Baoore Dataset 1 (French-Mooré)

Dataset Description

  • Repository: mooredataset/baoore-dataset-1
  • Languages: French (fra) - Mooré (mos)
  • Total sentences: 233,945

This dataset is a comprehensive parallel corpus for Machine Translation between French and Mooré. It is aggregated from multiple sources including dictionary entries, specific curated translations, generic translated data, and synthetic/filtered datasets. The dataset has been systematically curated and deduplicated for fine-tuning modern machine translation models such as NLLB.

Dataset Structure

The data is provided in JSONL format.

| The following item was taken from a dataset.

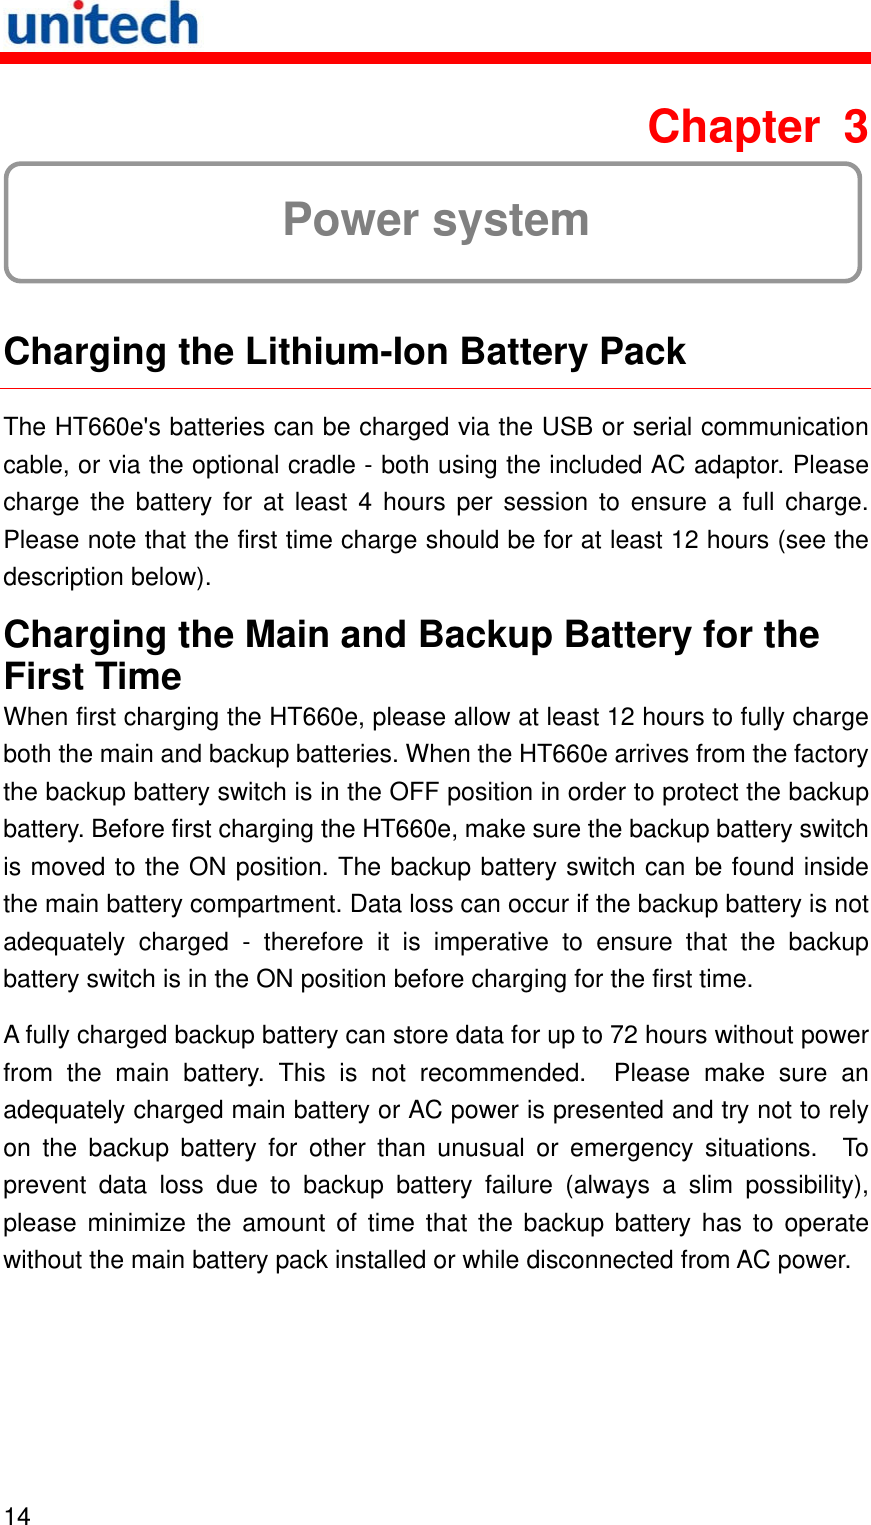   14  Chapter 3  Power system  Charging the Lithium-Ion Battery Pack The HT660e&apos;s batteries can be charged via the USB or serial communication cable, or via the optional cradle - both using the included AC adaptor. Please charge the battery for at least 4 hours per session to ensure a full charge. Please note that the first time charge should be for at least 12 hours (see the description below). Charging the Main and Backup Battery for the First Time When first charging the HT660e, please allow at least 12 hours to fully charge both the main and backup batteries. When the HT660e arrives from the factory the backup battery switch is in the OFF position in order to protect the backup battery. Before first charging the HT660e, make sure the backup battery switch is moved to the ON position. The backup battery switch can be found inside the main battery compartment. Data loss can occur if the backup battery is not adequately charged - therefore it is imperative to ensure that the backup battery switch is in the ON position before charging for the first time. A fully charged backup battery can store data for up to 72 hours without power from the main battery. This is not recommended.  Please make sure an adequately charged main battery or AC power is presented and try not to rely on the backup battery for other than unusual or emergency situations.  To prevent data loss due to backup battery failure (always a slim possibility), please minimize the amount of time that the backup battery has to operate without the main battery pack installed or while disconnected from AC power.

Each line contains a JSON object representing a translation pair and its metadata.

Data Instances

A typical example from the dataset looks like this:

{
  "translation": {
    "fra": "Il mange une pomme.",
    "mos": "A rita pomme.",
    "origin": "traduction"
  }
}

Data Fields

  • translation: A dictionary containing:
    • fra: The French sentence (string).
    • mos: The Mooré translation (string).
    • origin: The source origin of the data (string). Possible values:
      • laion-coco-nllb: Generic data from LAION-COCO-NLLB.
      • jw: Biblical data from JW.
      • french_moore: Human translation (D1).
      • traduction: Human translation (D2).
      • jw: Biblical data from JW.
      • mafand: Data from the MAFAND dataset.
      • wibonary: Data from the Webonary dictionary.

Corpus Statistics

The total corpus comprises 230,343 aligned sentence pairs (excluding SMOL data). The composition of the dataset by configuration (config_name) is detailed below. The statistics for the combined subsets are aggregated from their respective base subsets.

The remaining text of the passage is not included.